The first thing I did is look at the correlation between fantasy points receiving and team score. The correlation was just as strong as with fantasy points rushing.

> cor(gameData$Score, gameData$FPReceiving)
[1] 0.5046479

Not so shockingly, the correlation between margin of victory and FP receiving was much less than we saw with FP rushing. MOV stands for margin of victory.

> cor(gameData$MOV, gameData$FPReceiving)
[1] 0.2029399

Since margin of victory is ostensibly correlated to score (the more you win by, the more your team is likely to have scored), it’s not surprising to see a positive correlation between the two stats. But the big drop off between the correlations of score and margin of victory with FP receiving suggests that losing can often result in more fantasy points receiving than winning.

To look at how margin of victory was really impacting receiving fantasy points, I decided to compare margin of victory to fantasy points receiving… per point scored (for short, FPRPPS). Calculating FPRPPS is simple, I just take the fantasy points receiving and divide it by team score. What this stat shows me is how many fantasy points receiving a team is “milking” out of its offensive production. High FPRPPS implies a team got a lot of fantasy production out of not a lot of scoring. The relationship between margin of victory and FPRPPS ended up being a bit shocking.

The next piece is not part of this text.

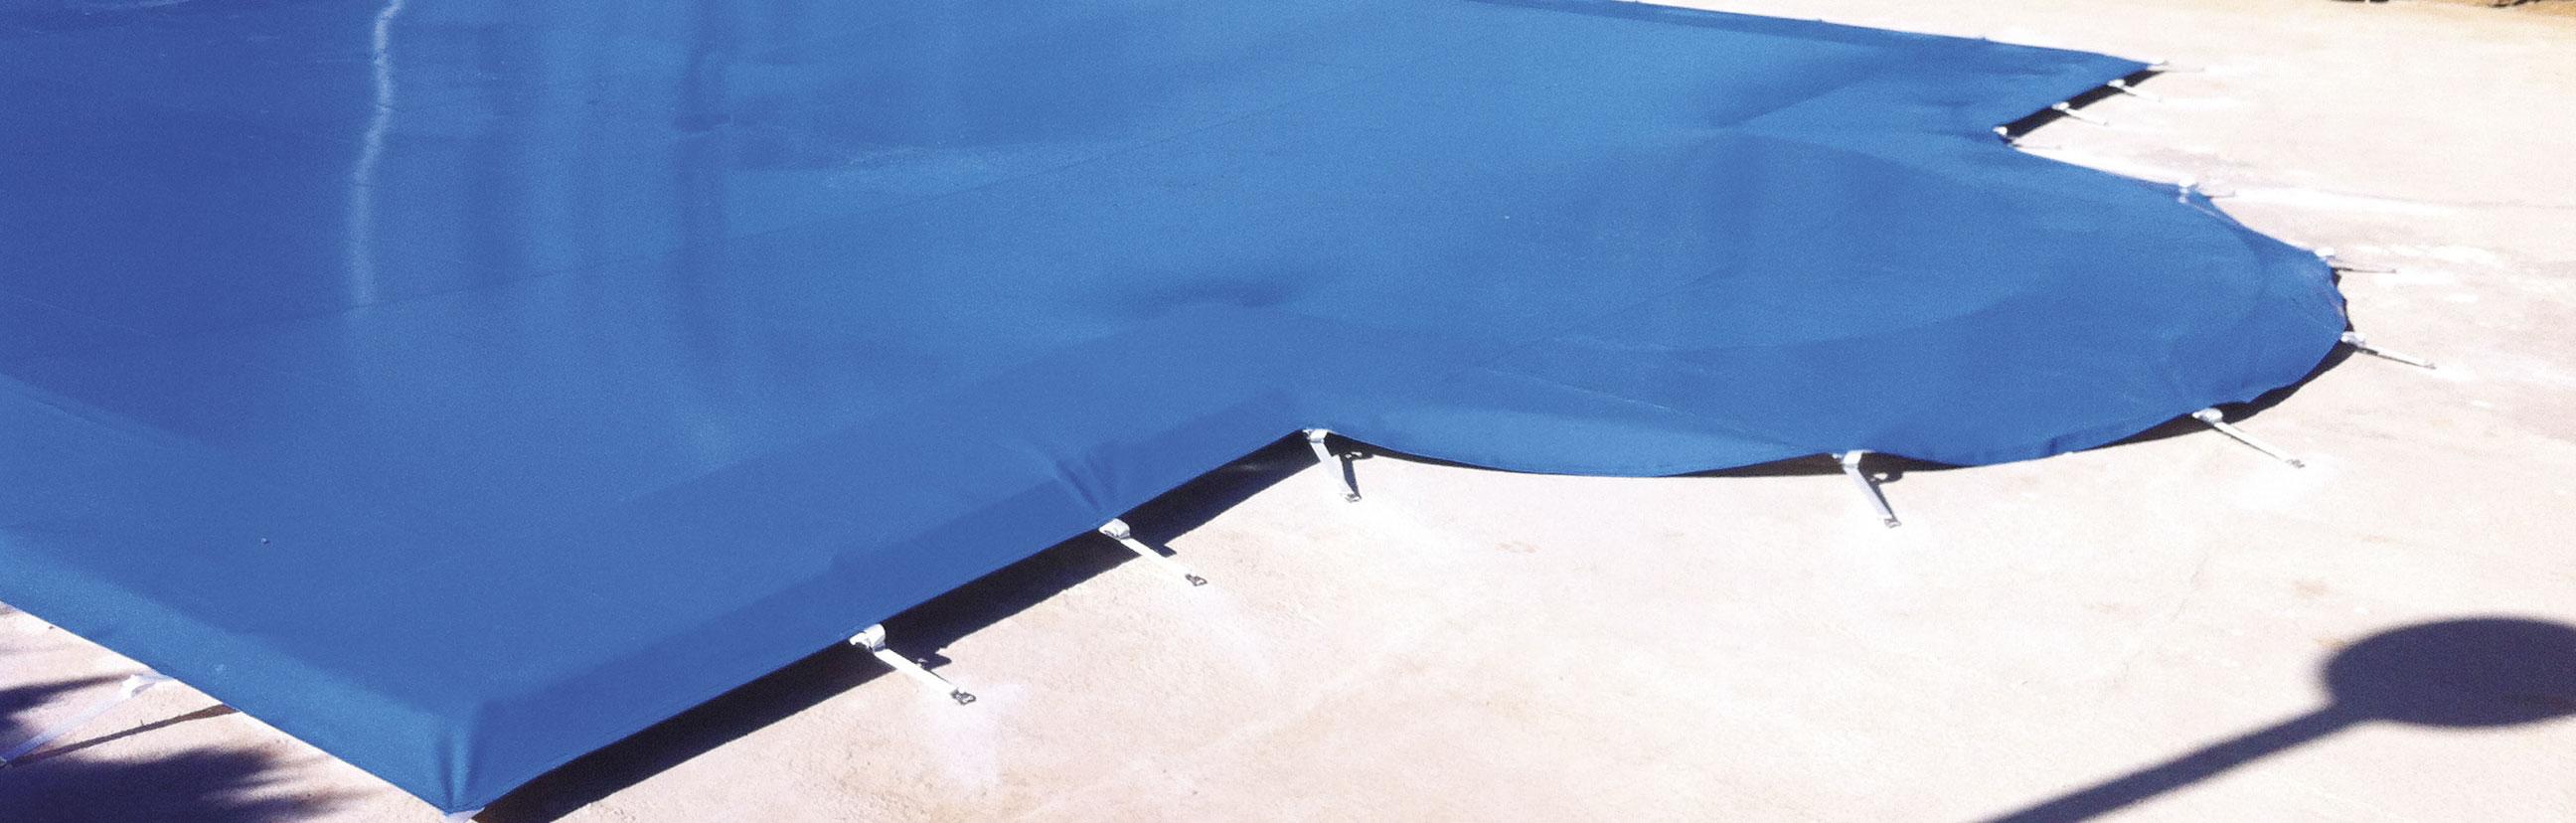 Toldo piscina - Cobertor

> cor(gameData$MOV, gameData$FPPerPReceiving)
[1] -0.5662396

The relationship is strongly inversely correlated. The more a team loses by, the more fantasy points receiving we can expect per point they score. This has some interesting implications, mainly that a team projected to score less points than another team could have more expected fantasy points passing if one team is a big favorite and the other is a big underdog.

If we plot the data, we can see the inverse relationship quite clearly, but it gets more intense as teams lose by more than a touchdown.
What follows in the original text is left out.